Indeed, in justifying the genre of tragicomedy, Neander states that the contrast between mirth and compassion will throw the important scenes into sharper relief (69). He urges that it is “to the honour of our nation, that we have invented, increased, and perfected a more pleasant way of writing for the stage, than was ever known to the ancients or moderns of any nation, which is tragi-comedy” (70). This exaltation of tragicomedy effectively overturns nearly all of the ancient prescriptions concerning purity of genre, decorum, and unity of plot. Neander poignantly repeats Corneille’s observation that anyone with actual experience of the stage will see how constraining the classical rules are (76).
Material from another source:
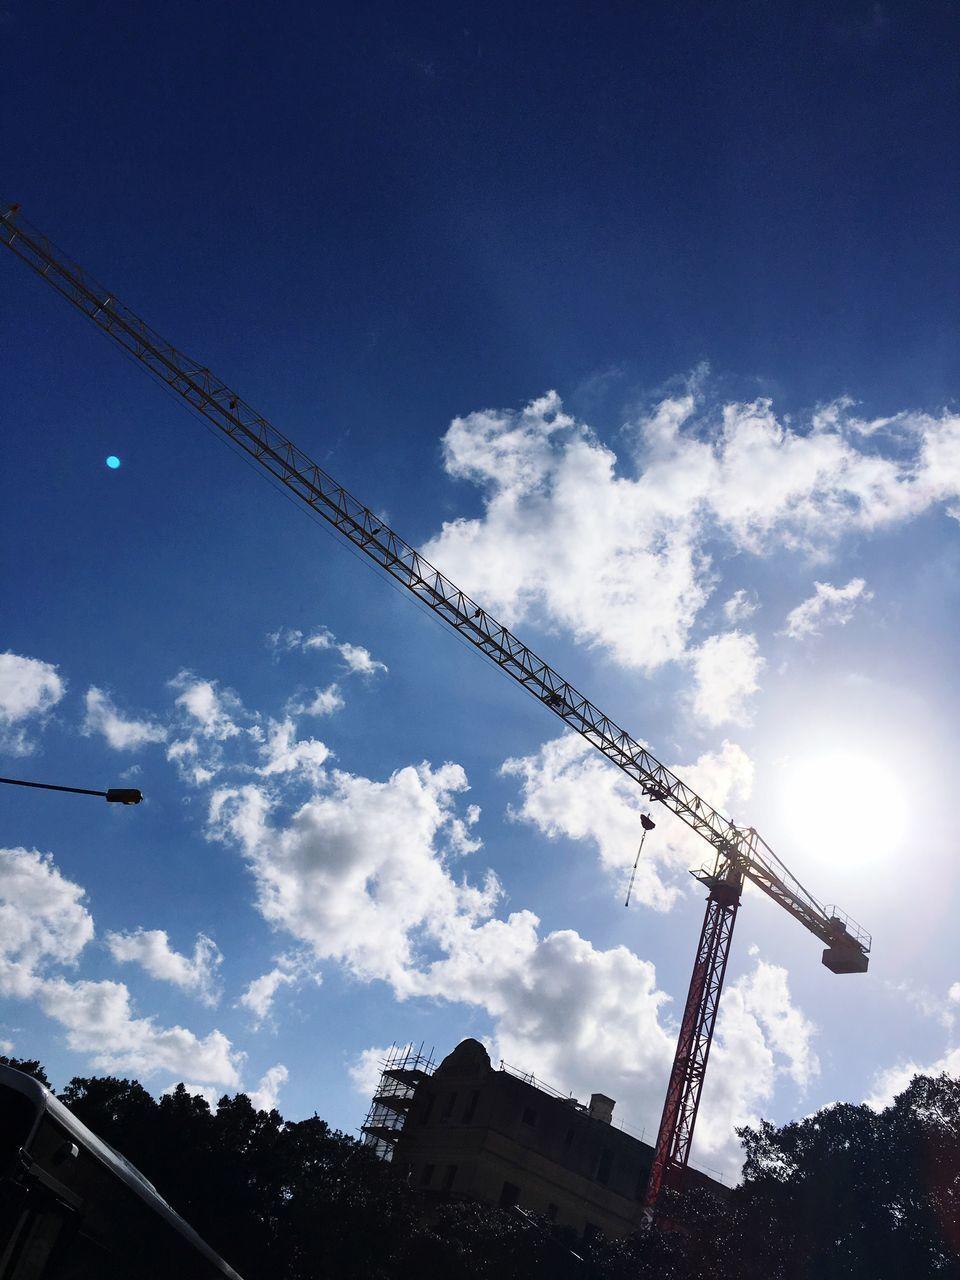 crane - construction machinery, sky, low angle view, construction site, built structure, development, architecture, cloud - sky, crane, building exterior, silhouette, construction industry, construction, industry, tall - high, cloud, dusk, outdoors, incomplete, blue

Neander now undertakes a brief assessment of the recent English dramatic tradition. Of all modern and perhaps ancient poets, he says, Shakespeare “had the largest and most comprehensive soul.” He was “naturally learn’d,” not through books but by the reading of nature and all her images: “he looked inwards, and found her there” (79–80). Again, the implication is that, in order to express nature, Shakespeare did not need to look outwards, toward the classics, but rather into his own humanity. Beaumont and Fletcher had both the precedent of Shakespeare’s wit and natural gifts which they improved by study; what they excelled at was expressing “the conversation of gentlemen,” and the representation of the passions, especially of love (80–81). Ben Jonson he regards as the “most learned and judicious writer which any theatre ever had,” and his peculiar gift was the representation of humors (81–82). Neander defines “humour” as “some extravagant habit, passion, or affection” which defines the individuality of a person (84–85). In an important statement he affirms that “Shakespeare was the Homer, or father of our dramatic poets; Johnson was the Vergil, the pattern of elaborate writing” (82). What Neander – or Dryden – effectively does here is to stake out an independent tradition for English drama, with new archetypes displacing those of the classical tradition.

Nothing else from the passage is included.